Notizia buona e notizia cattiva. La notizia buona è che il lavoro suona benissimo (merito anche dell’ottima produzione di Cristiano Sanzeri di 29100 Factory, che personalmente mi ha stregato già in passato con la produzione di Ulysses dei Kubark). Scorre continuo e tutto è suonato bene: chitarre immerse in oceani di delay à la Limp Bizkit, batterie che pompano (e come suonano…), voci che s’intrecciano – il rap di Teo Zerbi ha un buon flow, mentre Dave Magnani ha un timbro da rock italiano che può essere un’arma a doppio taglio, discostandosi da quello che ci si aspetterebbe da un prodotto del genere, ma che almeno ne crea una versione peninsulare sui generis. C’è bravura anche negli arrangiamenti, e le melodie ricordano certi Crazy Town, ma anche parecchi di quei gruppi clonedei capostipiti del genere (Papa Roach, primi Lostprophets…).
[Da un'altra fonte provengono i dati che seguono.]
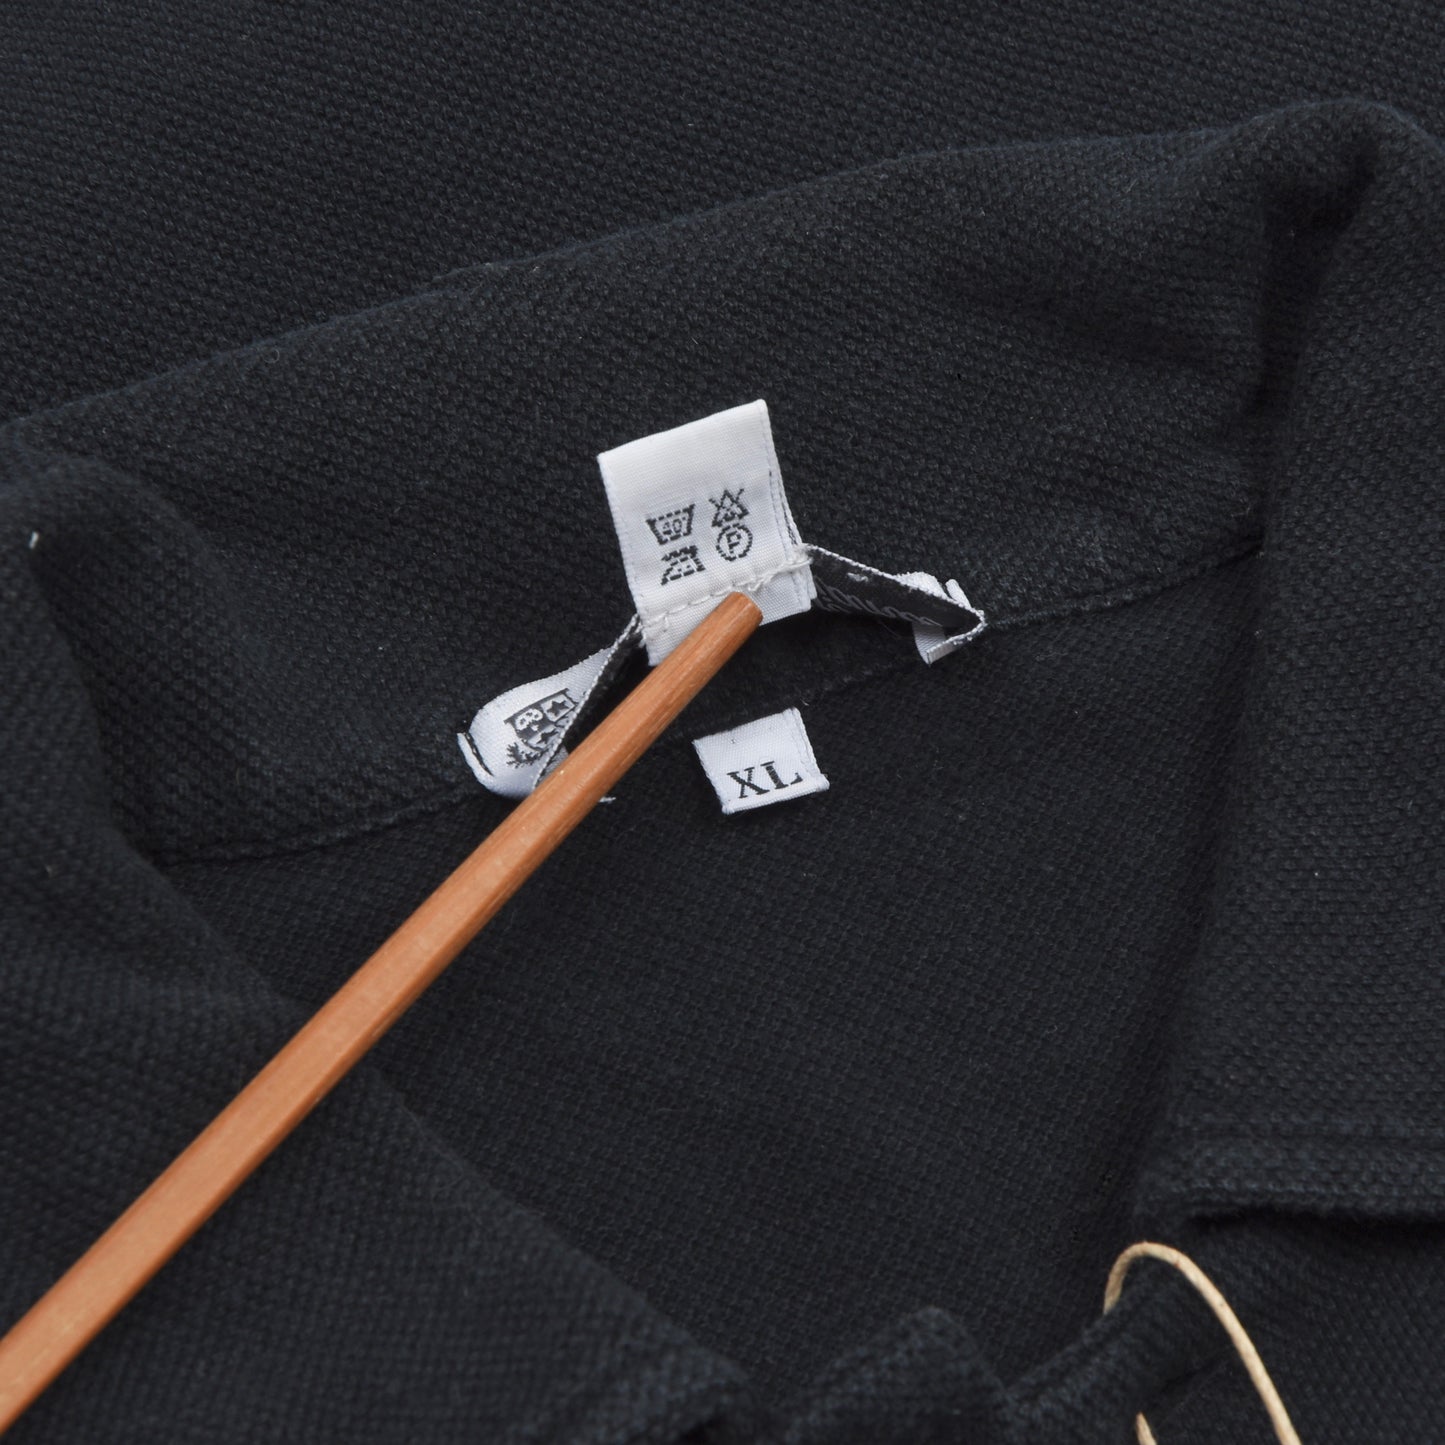 Loro Piana Polo Shirt Size XL - Black

Già, la cattiva notizia. Il crossover, fatto così, è nato, cresciuto e morto, e dal funerale ad oggi sono passati una decina d’anni. Siamo nel 2013 e nonostante la bravura indiscussa dei Jack Folla, a sentire questo ep si ha un senso nauseante di déjà vu. Sì, qualcosa di diverso dalla pletora crossover ’90-’00 c’è (le liriche in italiano, timbriche diverse, un approccio che possiamo considerare più orecchiabile e di facile ascolto rispetto ad alfieri del genere come Rage Against The Machine o Korn), ma non basta per fare dei Jack Folla un capitolo a parte.
Nella musica non si crea nulla, è tutto un ripetersi di cliché, smontati e rimontati in un circolo infinito di vita-morte-resurrezione. Detto questo, ascoltate (e godete) dei Jack Folla se il crossover è la vostra ragione di vita e non volete perdervi nulla (ma nulla nulla) di ciò che ne può scaturire. Altrimenti, fate un tuffo negli States di fine anni novanta e scoprirete un mondo.